At the same time, electricity customers here are losing €176 million in charges they have already paid for the two power stations in Lanesborough and Shannonbridge, which could be burning biomass for the next decade, helping to address the electricity shortfall in this country over the winter period while also reducing the carbon tax levied on electricity, just as the two plants’ older sister, the Edenderry plant, is doing today. Doing this would require the Minister of State, Senator Hackett, to take a very different approach to the bottleneck in felling licences for forestry. Doing so would release the brash by-product, the branches and so on, to fuel those three power plants across the midlands. It would also give local farmers time to establish biomass crops, which could have a big impact on their financial sustainability while also having a significant impact on our overall agricultural emissions.

The carbon taxes collected here in Ireland were supposed to have been invested in reducing overall emissions, but what is going on with the carbon tax fund is little more than a three-card trick. Next year, €412 million in carbon taxes will be collected. Some €174 million of that will go towards social welfare payments. That will not take one additional tonne of carbon out of our atmosphere. Some €36 million will be invested in a just transition and greenways. This will have a minimal impact on our carbon emissions. Some €202 million will be invested in retrofitting in 2022 but, back in 2019, €90 million was allocated. That was profiled to ramp up dramatically from 2021 onwards and that was before the Green Party increased the carbon tax.

The key question is how much new money is going into retrofitting. What is going in now, in 2022, represents a 50% shortfall compared with what was profiled when I was Minister. Project Ireland 2040 set out a commitment to retrofit 45,000 homes per annum from 2021. Yesterday’s budget announced that 22,000 homes would be retrofitted. Just 4,500 of these are the homes of people who are in receipt of the fuel allowance, of which there are 370,000. In fact, there are 7,000 families who are in receipt of the fuel allowance on the waiting list for retrofitting. They will wait 26 months to have that carried out. How much of the €412 million collected in carbon tax will provide new Government spending to bring down carbon emissions? Zilch. Absolutely nothing.
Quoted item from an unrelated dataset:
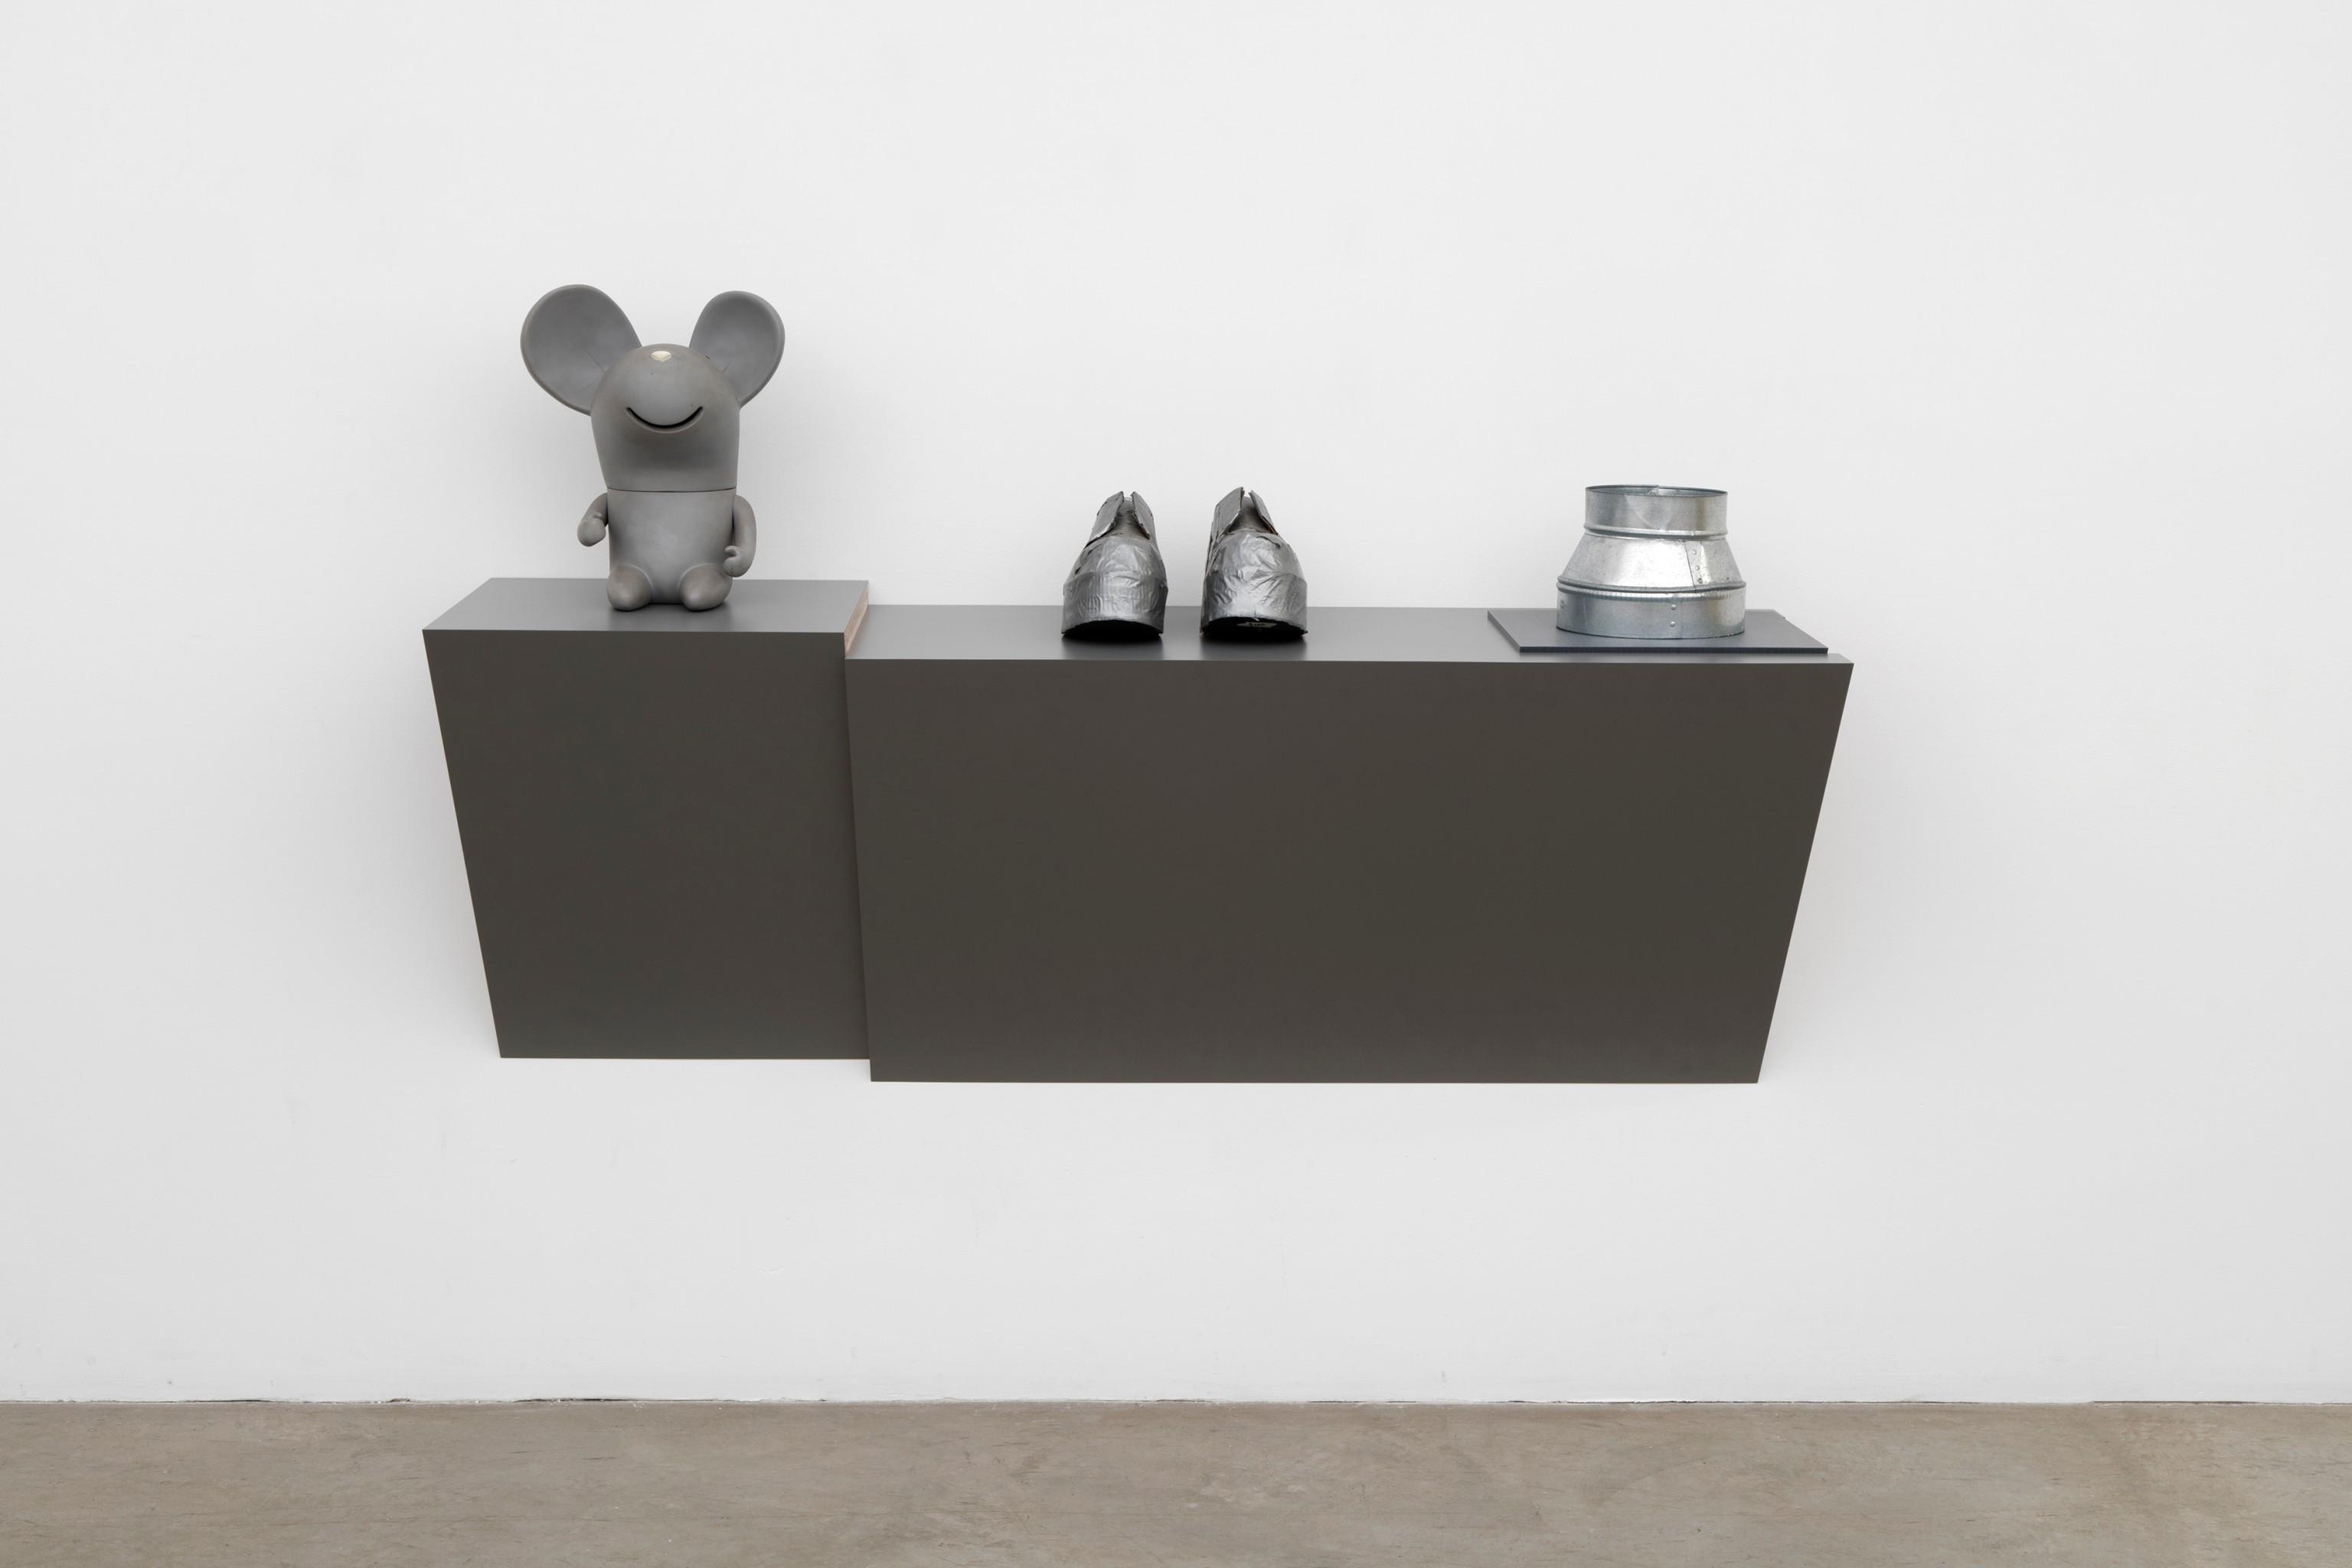 Best Galleries to Explore at Art Basel Miami 2018 - Haim Steinbach tanya bonakdar Best Galleries to Explore at Art Basel Miami 2018: Tanya Bonakdar Best Galleries to Explore at Art Basel Miami 2018 Haim Steinbach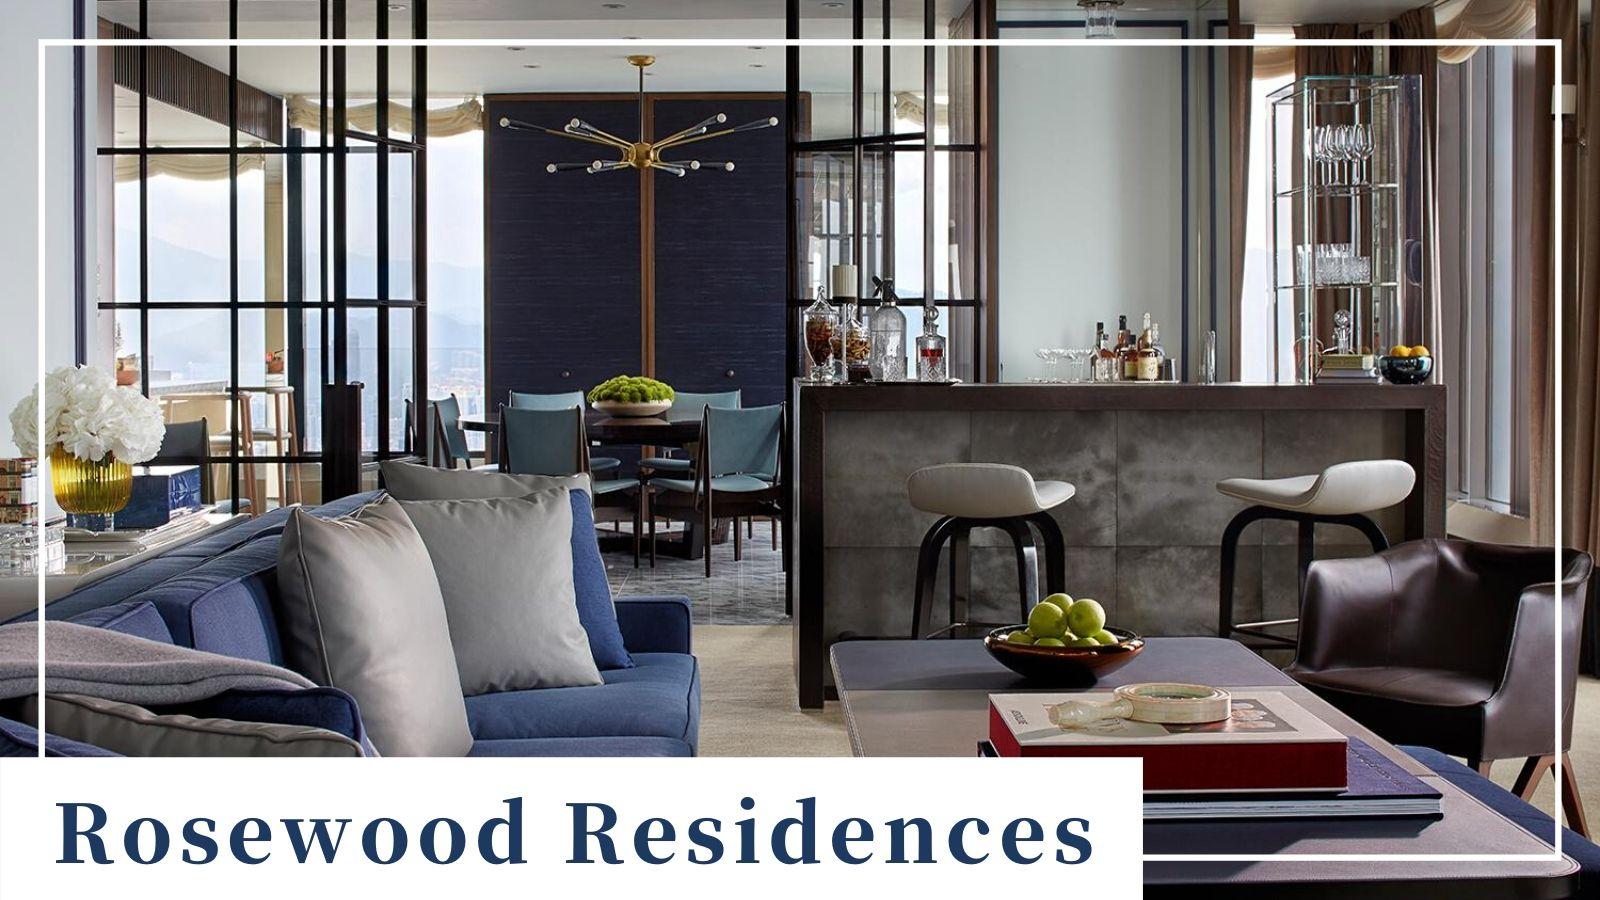 Rosewood Residences

With regard to the carbon fund, farmers are going to lose out to the sum of €49 million. This is the one area in which we could actually have a real impact on emissions. Better grass management alone could help to address our air quality, ammonia and nitrates problems as well as reducing methane emissions and promoting greater carbon sequestration in soil. The carbon fund should be used to fast-track research on practical carbon sequestration on our pasture lands and in our hedgerows. Nothing is going into that. We should be investing in a suckler cow environmental scheme. We proposed that this scheme should pay out €200 per annum on 20 cows for sustainable suckler beef production, along the lines of the smart farming initiative. In some cases, farmers have seen a 20% reduction in their environmental emissions, which is twice the current target set by the Department of Agriculture, Food and the Marine for the agricultural sector.

Finally, we have 3.7 million sheep in this country. Farmers are giving away wool for nothing and yet there is a shortage of insulation to retrofit homes. Surely it is time to connect the dots.